漢字の日(12月12日)

漢字の日は、毎年12月12日に設けられている記念日です。公益財団法人日本漢字能力検定協会が1995年に制定したもので、日付は「いい字一字」と読む語呂合わせに由来します。
漢字に親しみ、一年に一字でも「いい字」を覚えてほしいという願いが込められており、日本語の表記や言葉の文化を見つめ直すきっかけの日として知られています。
由来
漢字の日の日付である12月12日は、「いい字一字」と読める語呂合わせから選ばれました。日本漢字能力検定協会は、漢字の持つ意味や奥深さを広く伝える活動の一環として、この記念日を制定しました。
漢字は、日本語の文章に欠かせない文字であり、意味を一字に込められることが大きな特徴です。漢字の日は、普段何気なく使っている文字に目を向け、言葉の成り立ちや表現の豊かさを考える機会にもなっています。
「今年の漢字」との関係
漢字の日にちなんだ恒例行事として広く知られているのが「今年の漢字」です。「今年の漢字」は、日本漢字能力検定協会が主催する企画で、その年の世相を表す漢字一字を全国から募集し、応募数が最も多かった漢字を発表します。
発表は京都・清水寺で行われ、清水寺の森清範貫主が大きな和紙に漢字を揮毫します。その様子は年末の風物詩としてニュースでも取り上げられ、一年の出来事を一字で振り返る機会となっています。
「今年の漢字」は1995年から始まった企画で、漢字の素晴らしさや奥深い意義を伝える啓発活動として続けられています。発表日は12月12日の漢字の日にちなんでいますが、年によっては曜日や行事日程の都合により、発表日が前後する場合があります。
背景
漢字は中国から伝わった文字をもとに、日本語の中で独自の使われ方を発展させてきました。現在の日本語では、ひらがな、カタカナ、漢字を組み合わせて文章を書くのが一般的で、漢字は言葉の意味を視覚的に伝える役割を担っています。
たとえば、同じ読み方でも漢字が異なれば意味が変わる言葉があります。また、一文字だけでも「楽」「学」「新」「和」のように、感情、行動、価値観、時代の空気を表すことができます。漢字の日は、こうした漢字の働きにあらためて気づく日でもあります。
豆知識
- 漢字の日は、公益財団法人日本漢字能力検定協会が1995年に制定した記念日です。

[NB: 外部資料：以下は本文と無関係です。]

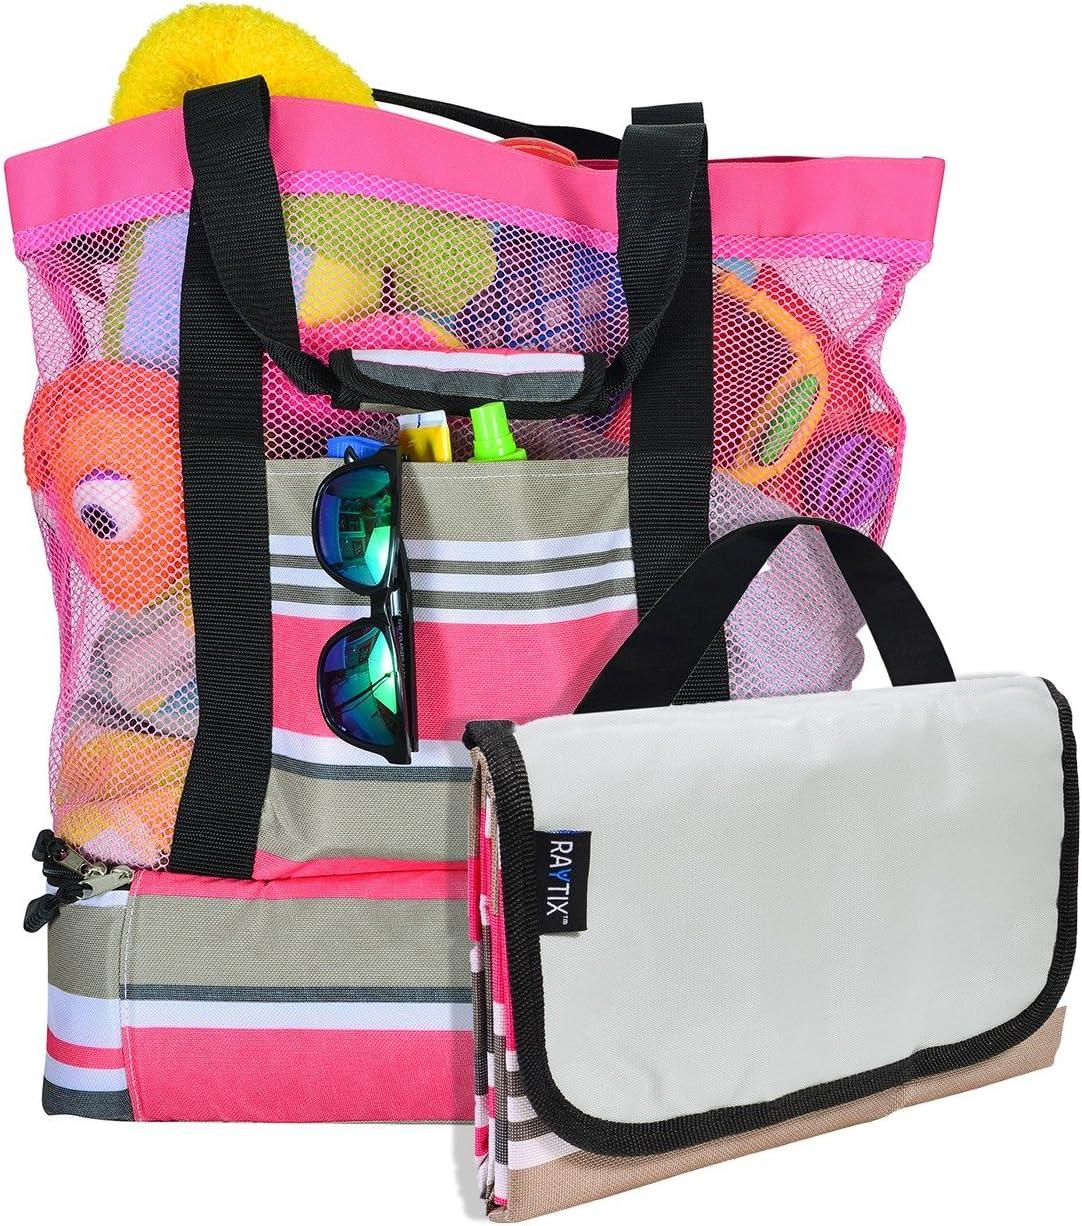 Beach Bag with Lightweight Fold Up 5'x6'Beach Mat & built-in cooler (PINK)

- 日付の12月12日は、「いい字一字」という語呂合わせに由来します。
- 「今年の漢字」は、その年の世相を表す漢字一字を全国から募集して決められます。
- 「今年の漢字」の発表は、京都・清水寺で森清範貫主の揮毫により行われます。
- 漢字は、一文字の中に意味や情景を込められる表意文字として、日本語表現を支えています。